▶ BRIEF
The whole listing should come back exactly as written, except for the pictures.

▶ INFORMATION SUPPLIED
╔══
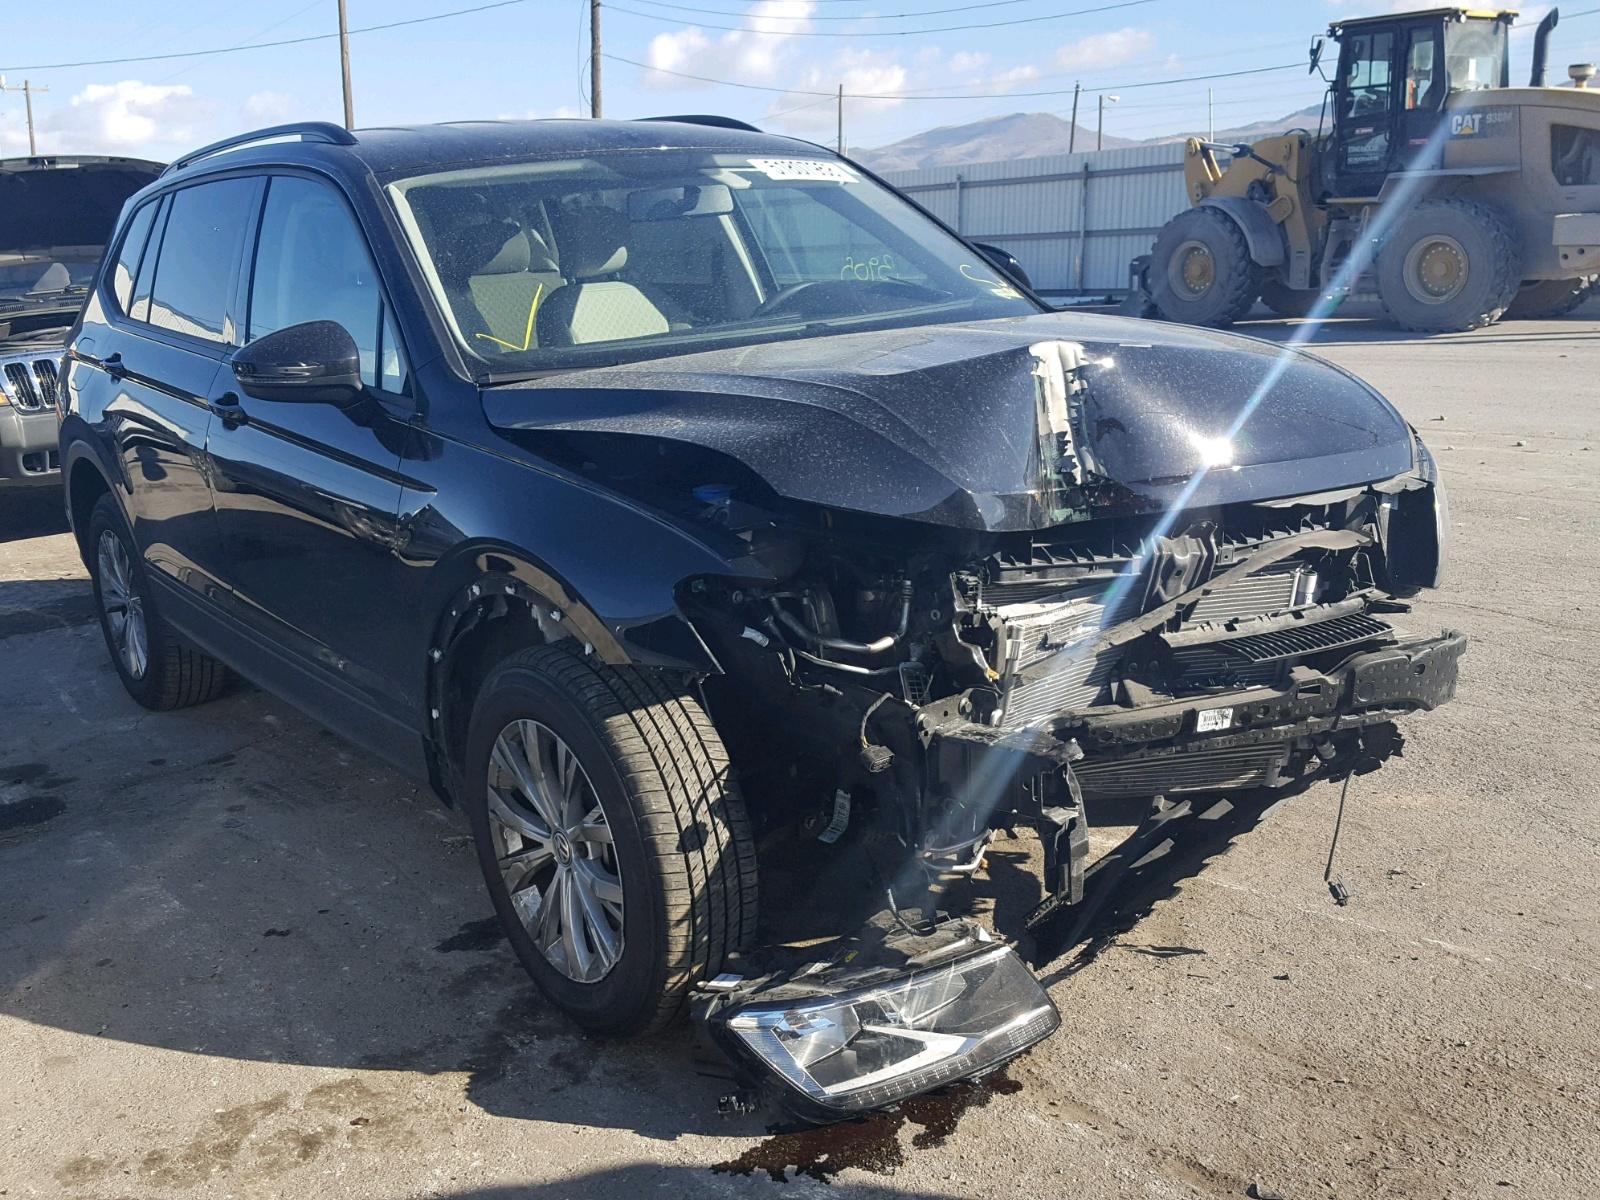 2018 Volkswagen Tiguan S 2 0l 4 In Ut Salt Lake City 3vv0b7ax0jm070385 For
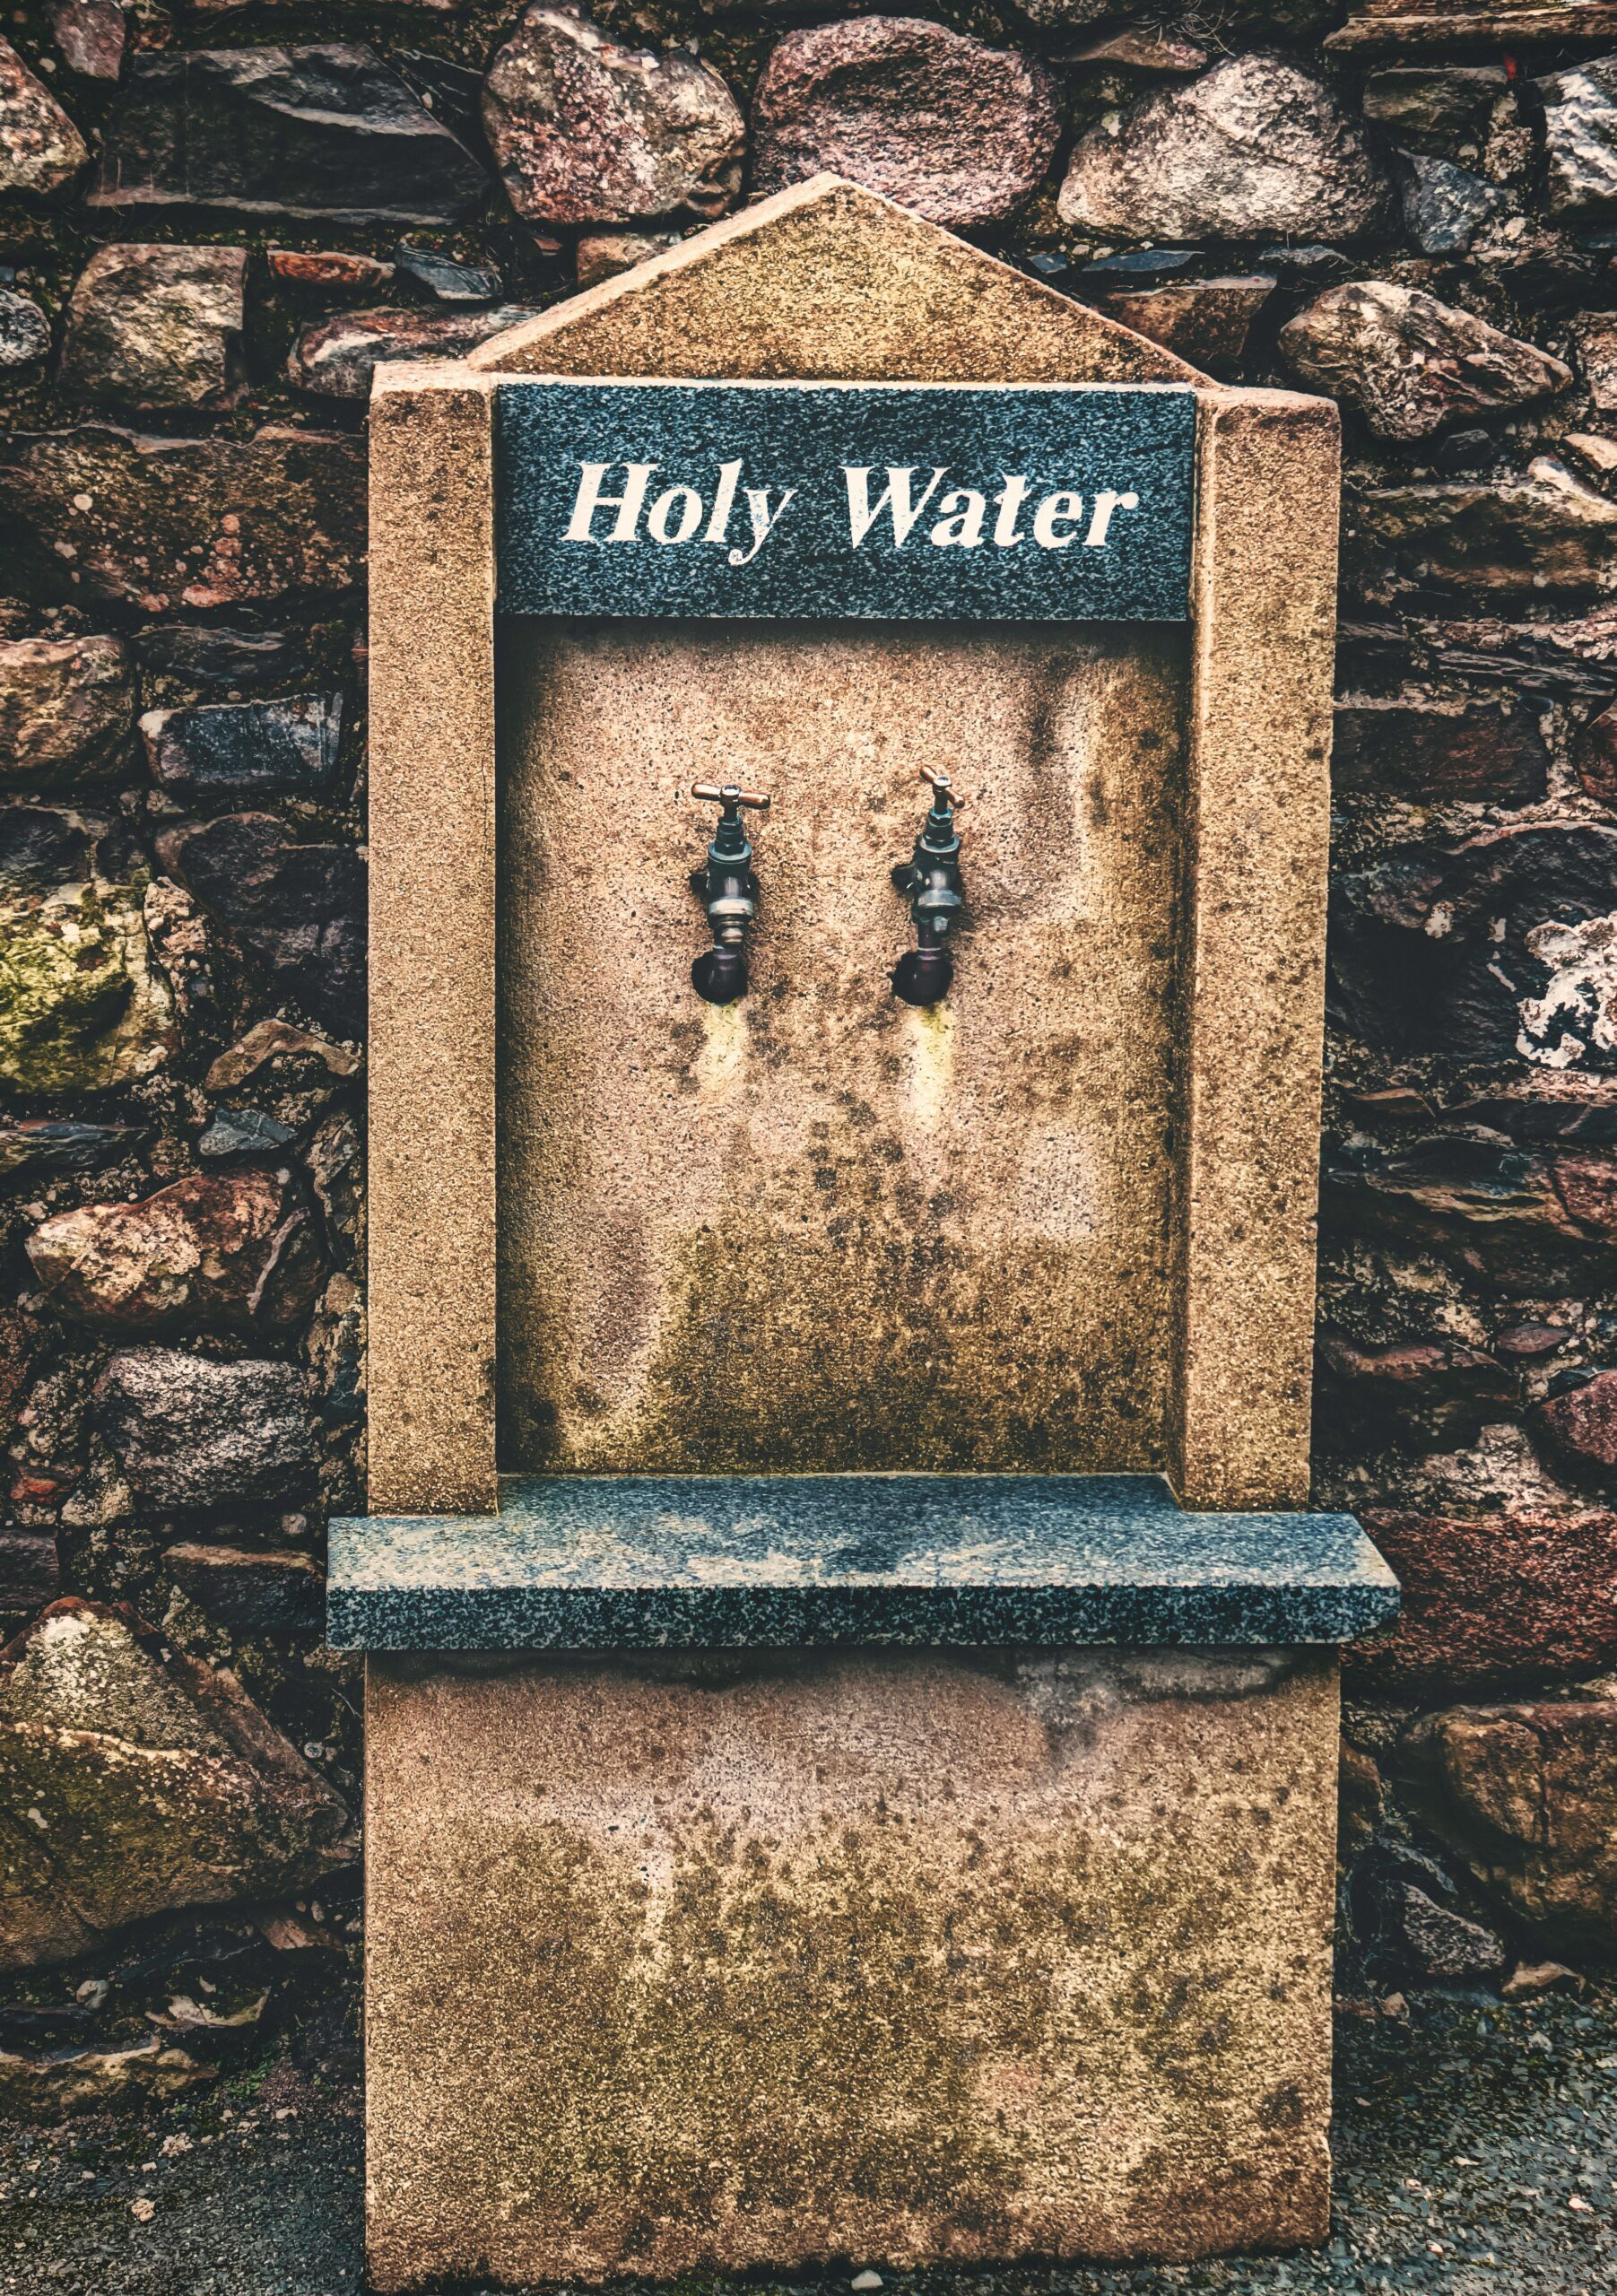 k-mitch-hodge-Holy Water Spigots
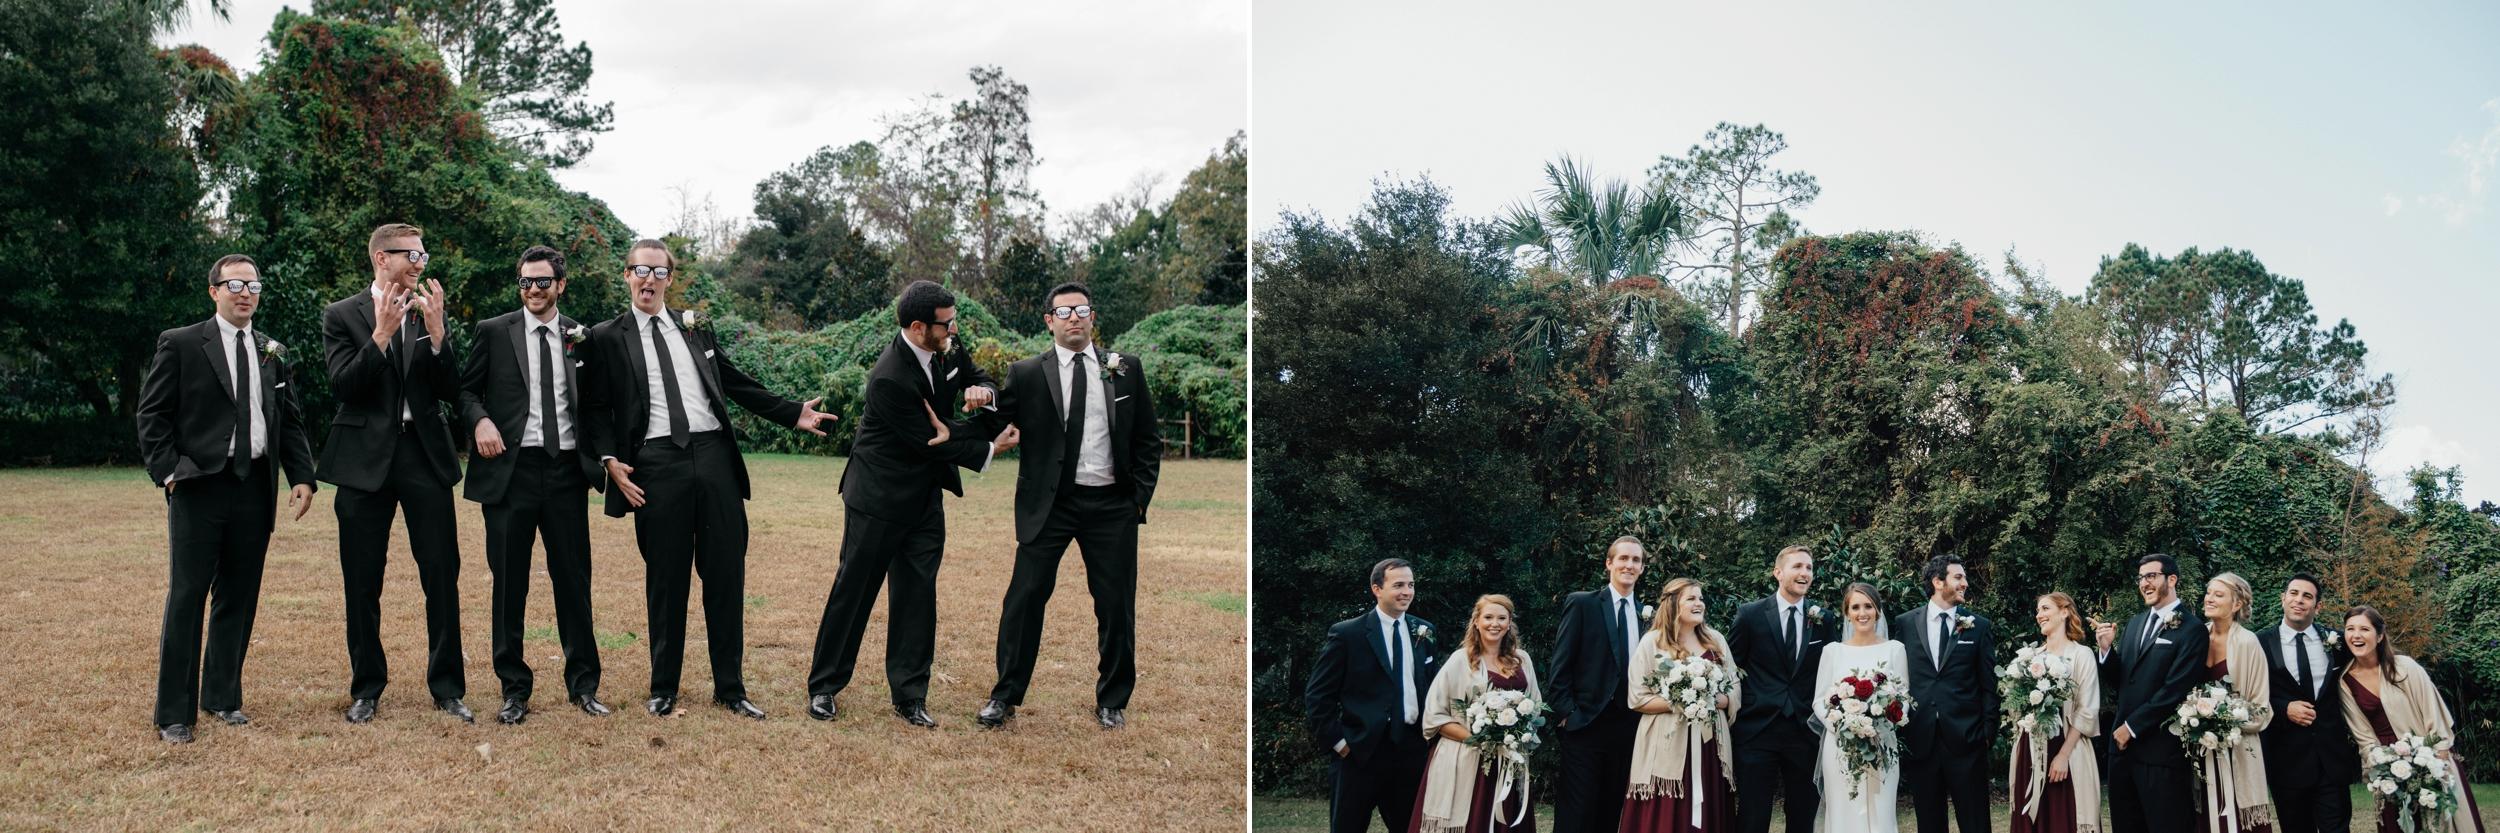 Charlestonweddingphotographer-22.jpg
╚══
▶ WRITTEN ANSWER
 2018 Volkswagen Tiguan S 2 0l 4 In Ut Salt Lake City 3vv0b7ax0jm070385 For
 k-mitch-hodge-Holy Water Spigots
 Charlestonweddingphotographer-22.jpg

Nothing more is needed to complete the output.